The primary requirement in this scenario is achieving sub-second latency for a real-time analytics dashboard powered by Amazon OpenSearch Service. The current architecture uses Amazon Data Firehose, which buffers incoming records based on time or size before delivering them to the destination. A buffer interval of 60 seconds introduces unavoidable latency, making it unsuitable for near-real-time or sub-second use cases.
According to AWS documentation, reducing or eliminating buffering in Firehose is the correct approach when low-latency ingestion is required. Setting the Firehose buffer interval to zero seconds forces Firehose to deliver records as soon as they are received. Additionally, tuning the PutRecordBatch batch size allows efficient ingestion while minimizing delivery delay. This configuration is explicitly recommended for latency-sensitive analytics pipelines.
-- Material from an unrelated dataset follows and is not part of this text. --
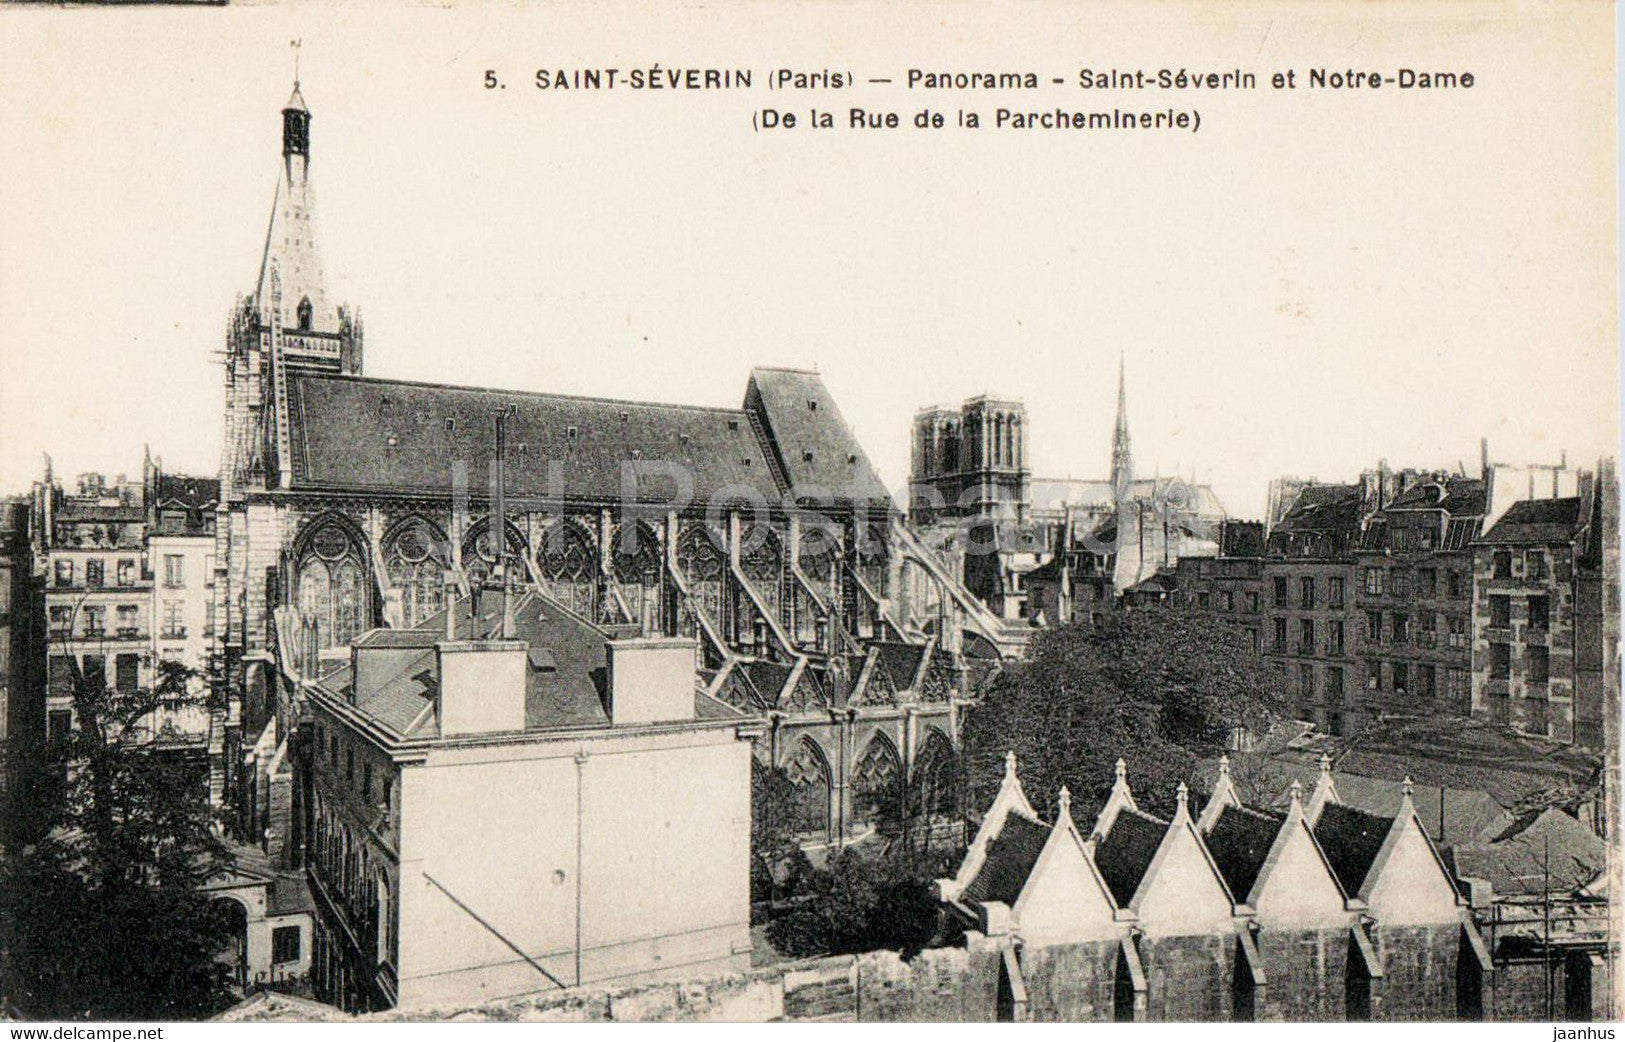 Paris - Saint Severin - Panorama - Notre Dame  - De la Rue de la Parcheminerie - 5 - old postcard - France - unused - JH Postcards

Option B is incorrect because AWS DataSync is designed for batch-oriented data transfers between storage systems, not real-time streaming. Enhanced fan-out consumers are a feature of Amazon Kinesis Data Streams, not DataSync, making this option invalid.
Option C directly contradicts the requirement. Increasing the buffer interval from 60 seconds to 120 seconds would further increase latency and degrade real-time performance.
Option D is also incorrect because Amazon SQS is a message queueing service, not a streaming ingestion service optimized for indexing data into OpenSearch with minimal latency. Using SQS would add additional processing layers and would not inherently provide sub-second ingestion into OpenSearch.
Therefore, using zero buffering in the Firehose stream and tuning the PutRecordBatch batch size is the only change that aligns with AWS best practices for achieving sub-second latency in real-time analytics pipelines.